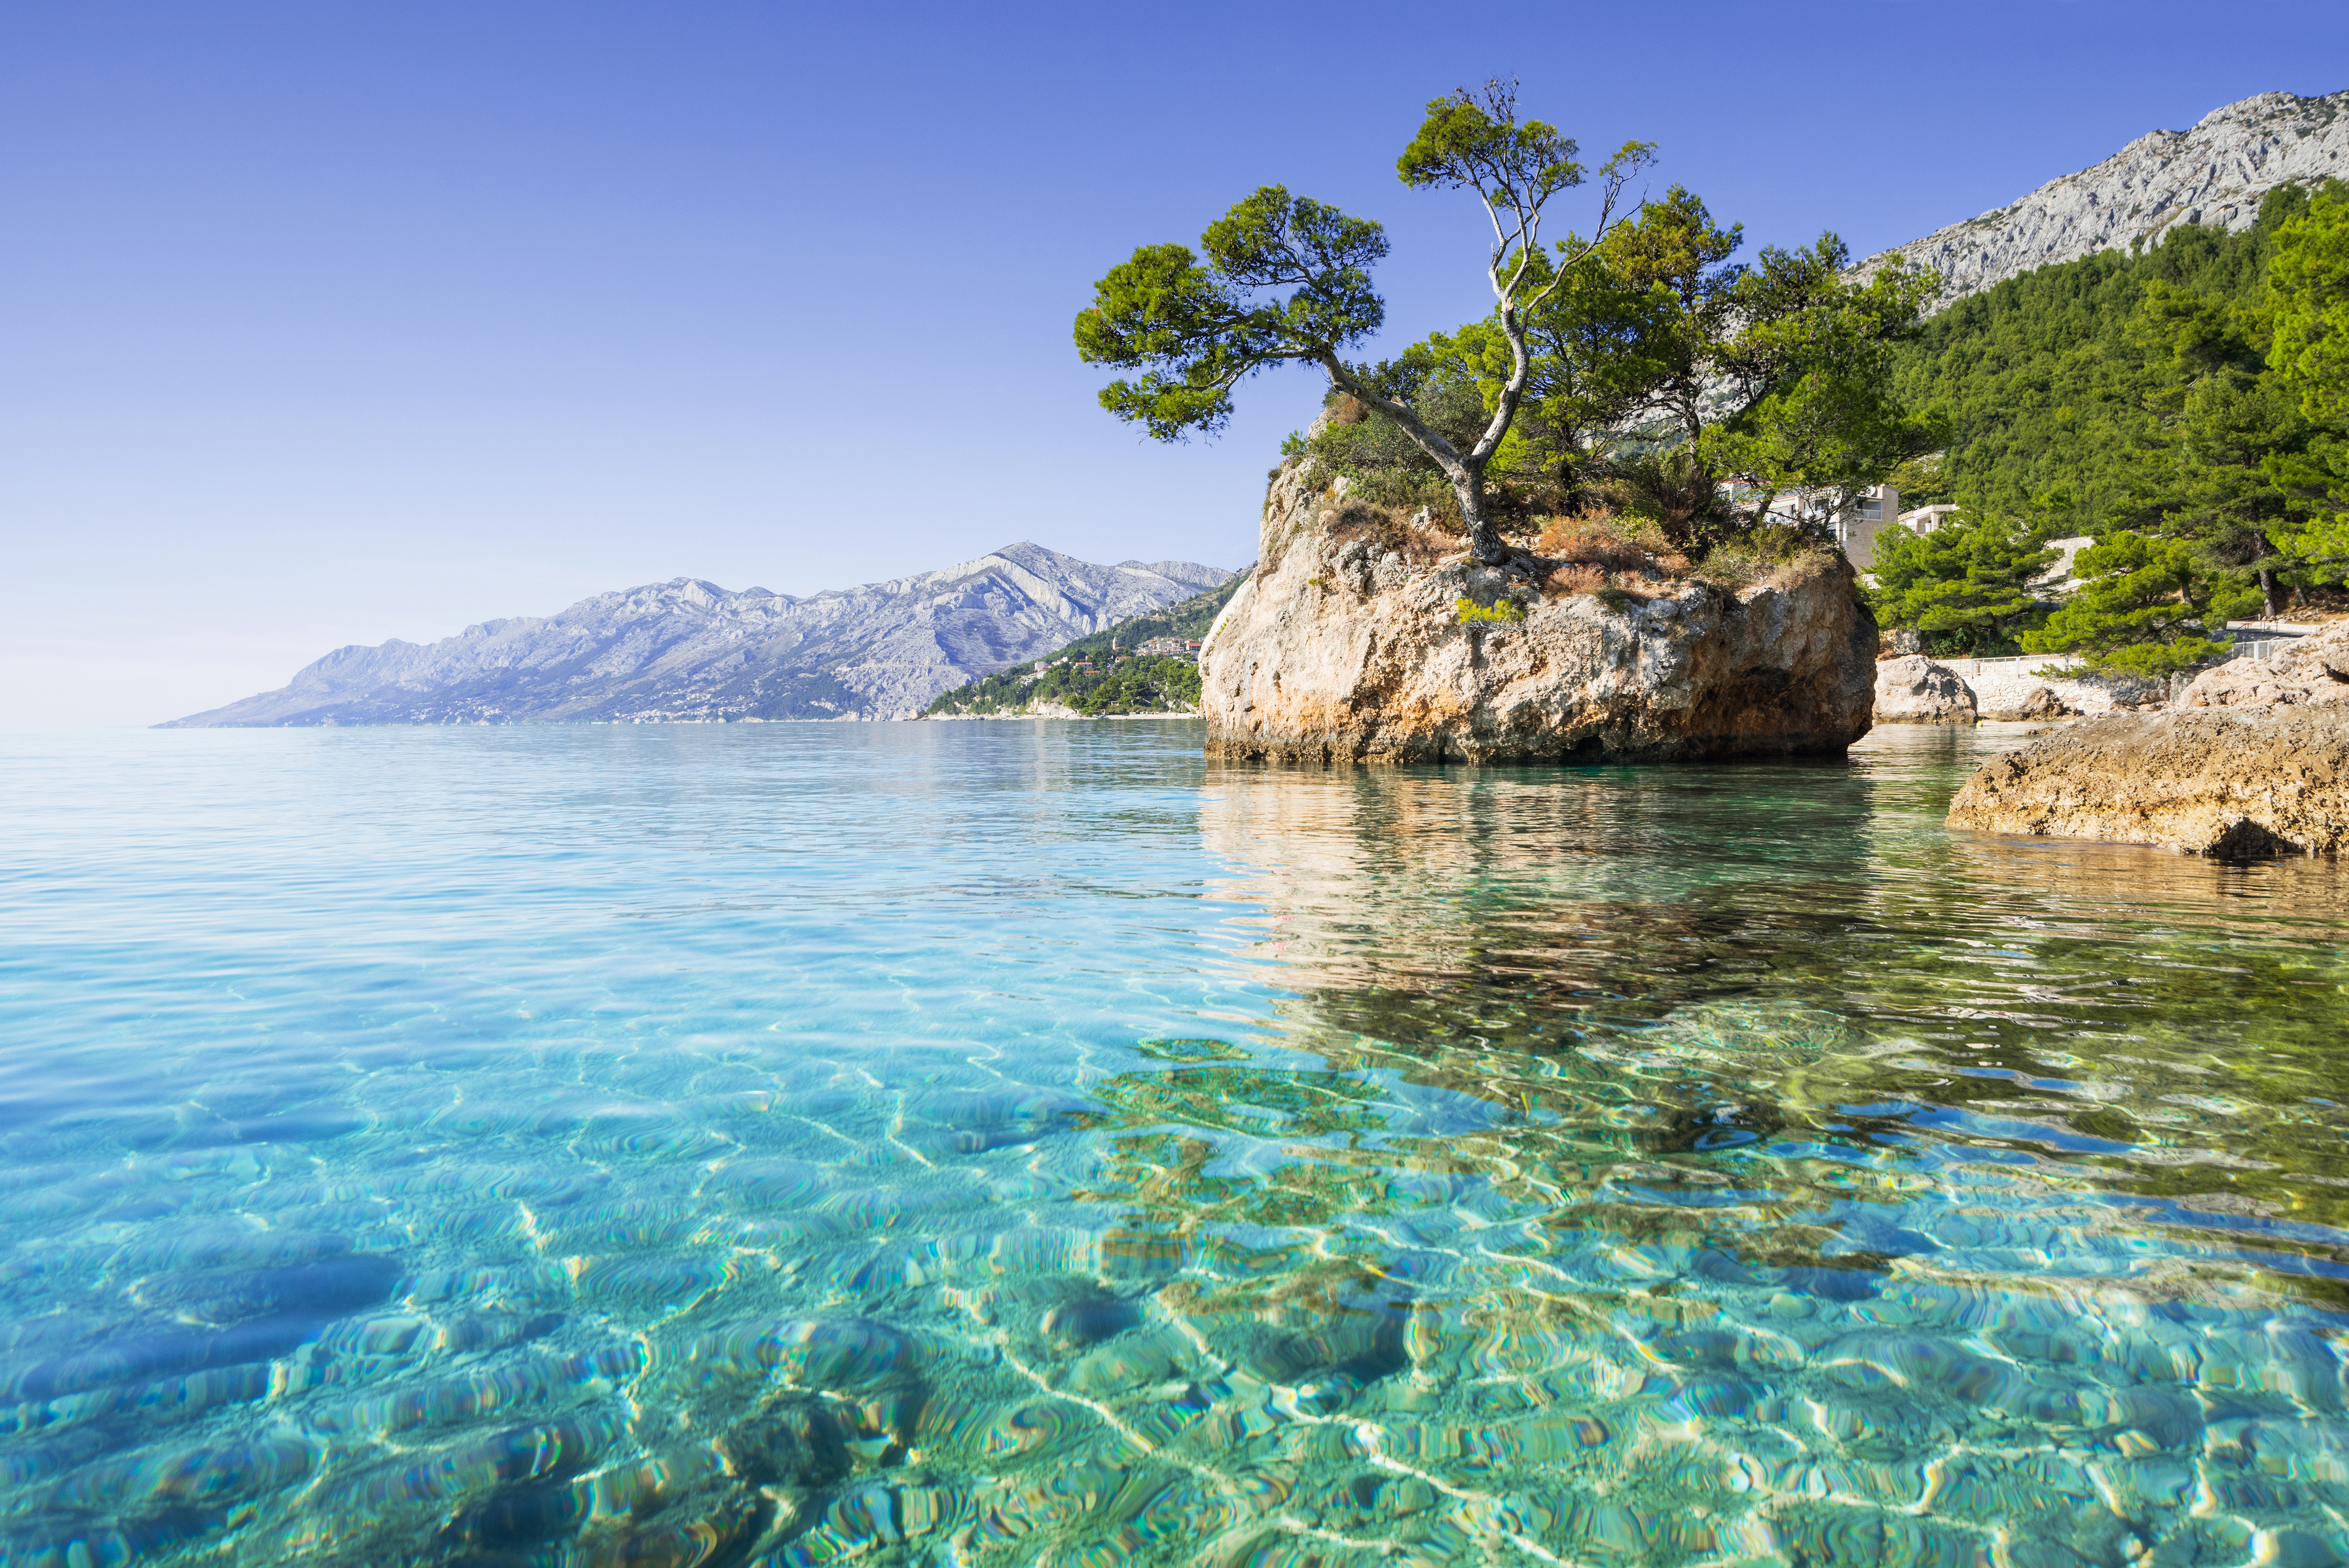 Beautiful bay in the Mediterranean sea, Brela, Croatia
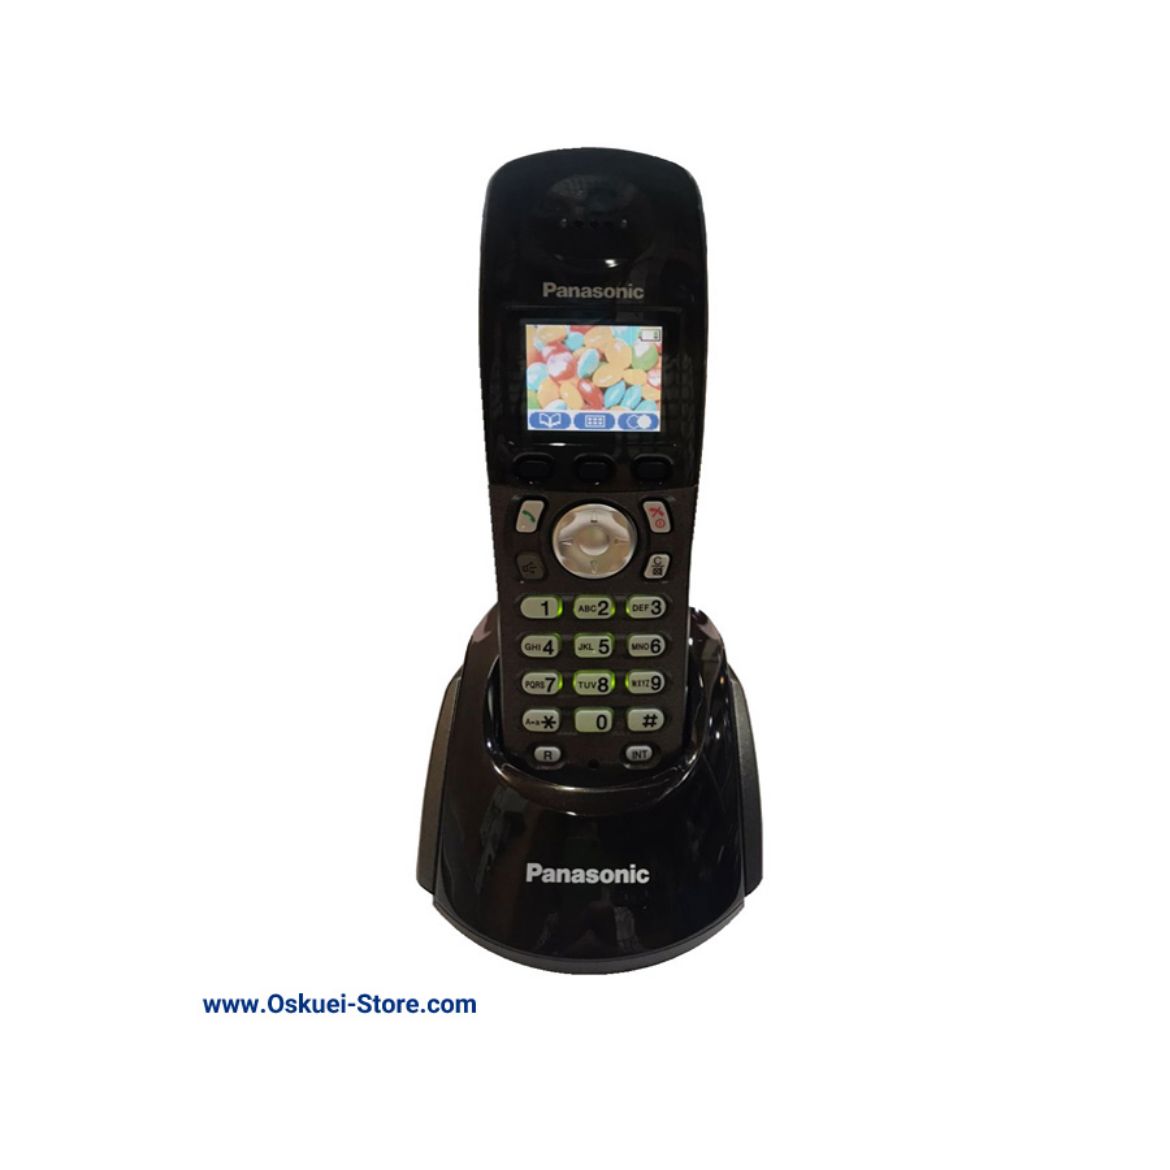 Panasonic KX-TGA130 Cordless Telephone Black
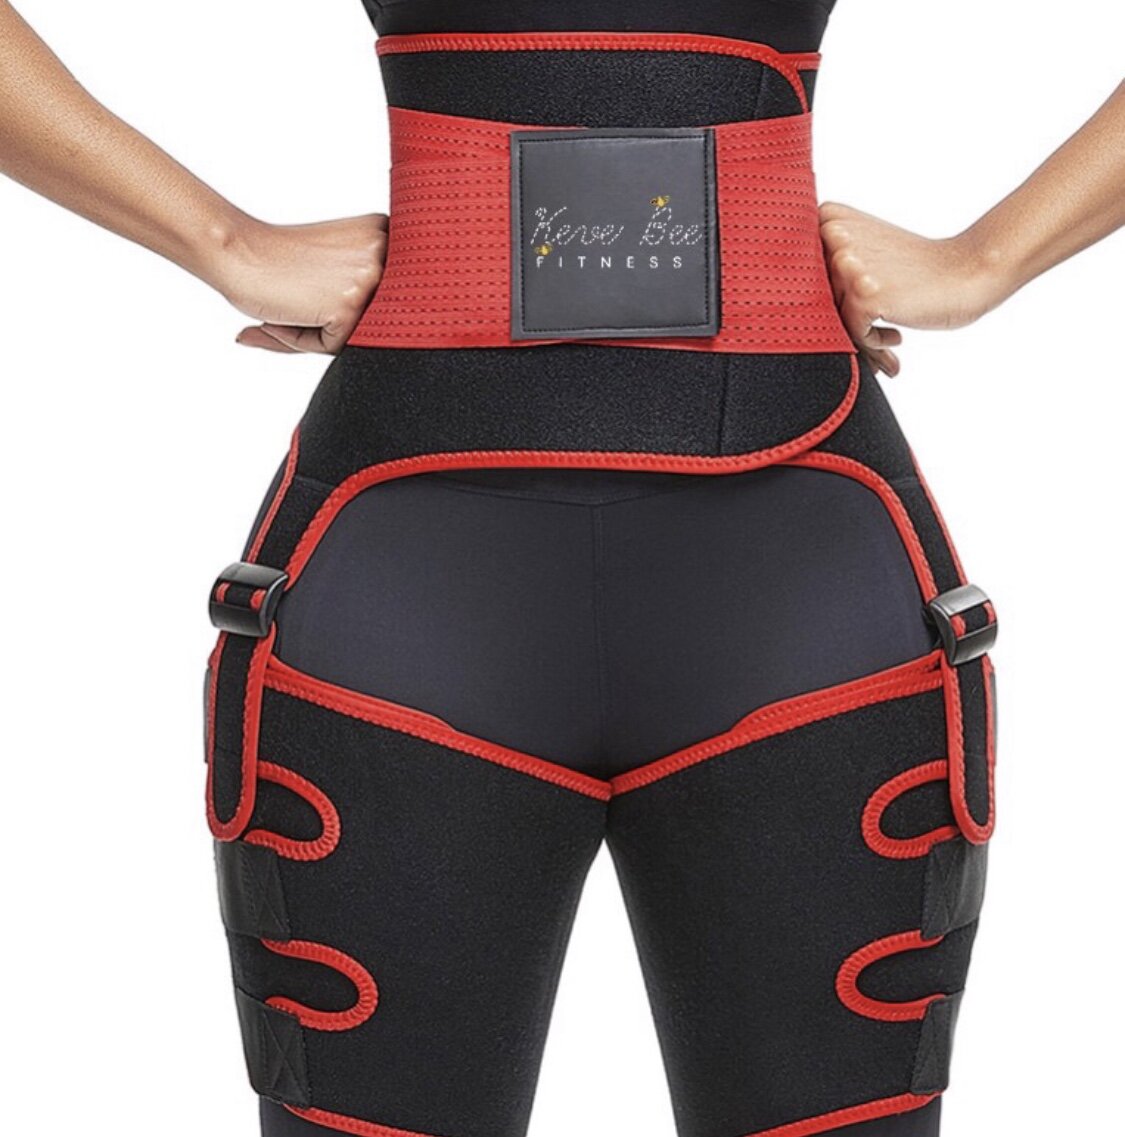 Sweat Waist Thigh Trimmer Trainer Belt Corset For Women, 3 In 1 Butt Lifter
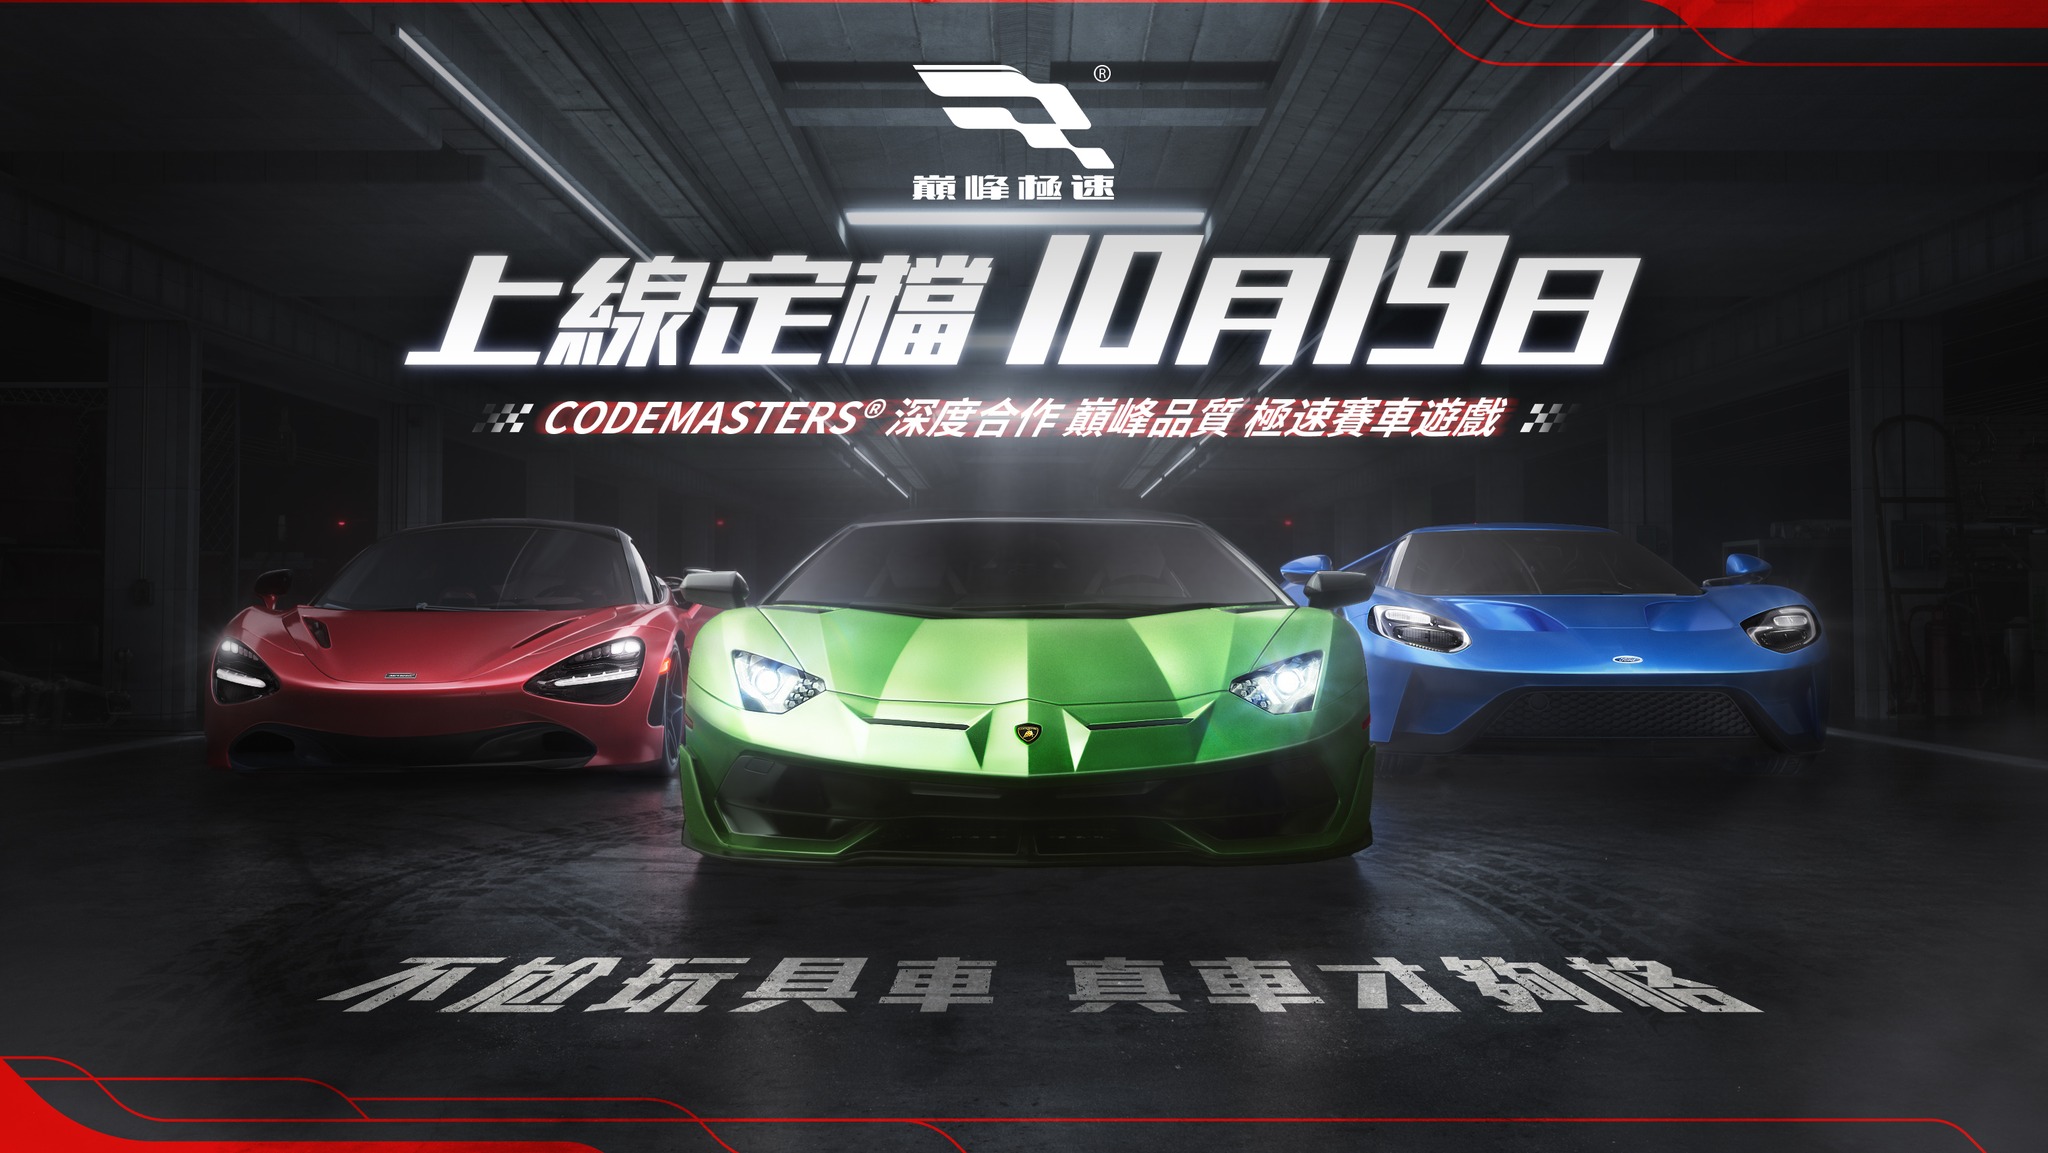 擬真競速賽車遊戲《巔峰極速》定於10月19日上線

***

Task description
Keep the pictures out and transcribe the listing exactly.

Result for this exercise
 Beautiful bay in the Mediterranean sea, Brela, Croatia
 Panasonic KX-TGA130 Cordless Telephone Black
 Sweat Waist Thigh Trimmer Trainer Belt Corset For Women, 3 In 1 Butt Lifter
 擬真競速賽車遊戲《巔峰極速》定於10月19日上線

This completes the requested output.